This is a follow-up to the crash issue in , could also be related to another slow-ness bug .

The issue here is to investigate where we are spending time, and what can be done to improve the framerate.

Gecko profile:

Looks like the Renderer thread is the bottleneck here, spending hundreds of milliseconds per frame to composite it. In particular, 1/3 of the thread time is spent in init_fbos() call. This is unexpected: we should preserve the FBOs across frames and only creates new when necessary.
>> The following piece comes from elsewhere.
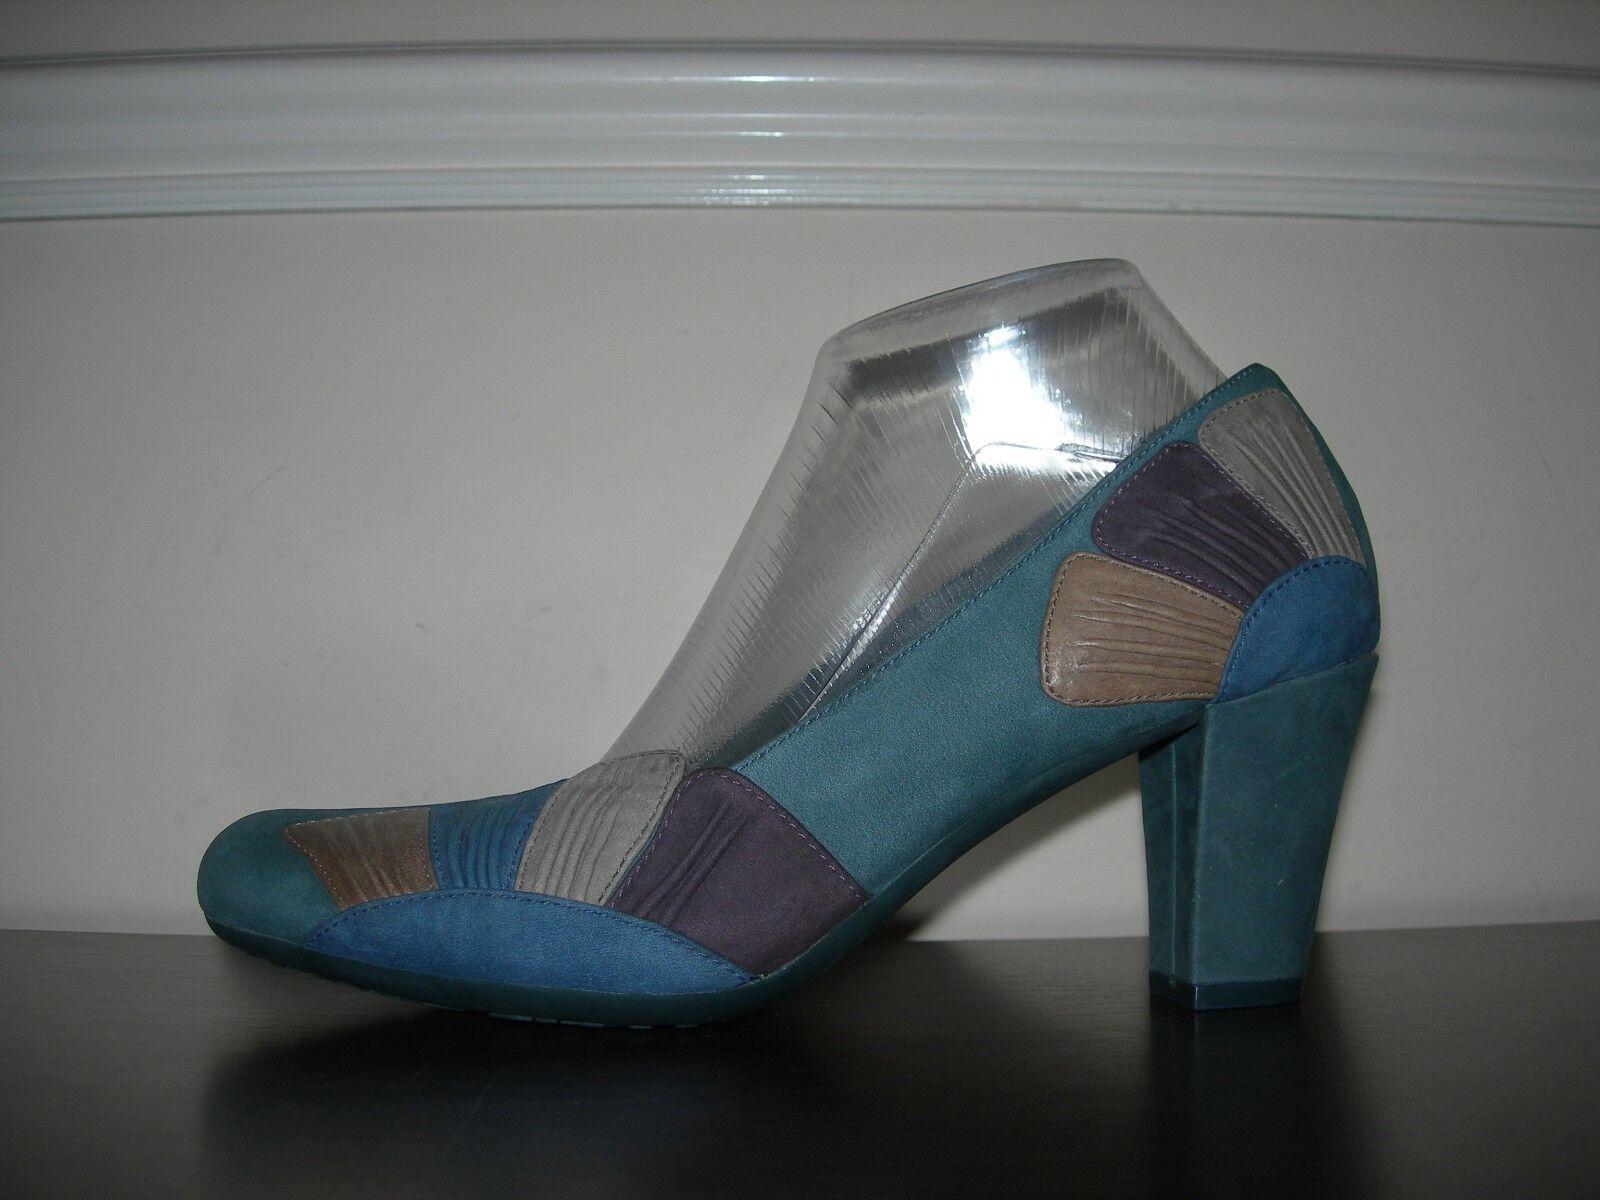 Camper Twins Femmes Cour Chaussures talons nubuck dessus eu 40 UK 7 - 7.5 très rare

A GPU capture shows us making 355 draw calls, which is more than we should aim for (up to 100, ideally). This happens due to two reasons:

  • all the blits necessary for picture caching. If caching is unfeasible here, we should improve the heuristic that disables it, so that blits could be avoided.
  • there is a lot of draws of transformed primitives into scissored areas. There are ways to limit the transformed rendering to specific areas without breaking batches, we should look more into it.
  • frame is split across 7 passes, which seems a bit high. We need to investigate if the task graph is deeper than needs to be.

Apparently, the blits are not due to picture caching, as Glenn noted. They are due to our slow handling of mix-blend modes. See also -

I tested this again with WIP mix-blend rewrite: it feels a bit smoother, but it's not fixed by far. I believe the issues I listed in Comment 1 are still causing the slow.

Use natively supported mix-blend modes, where appropriate.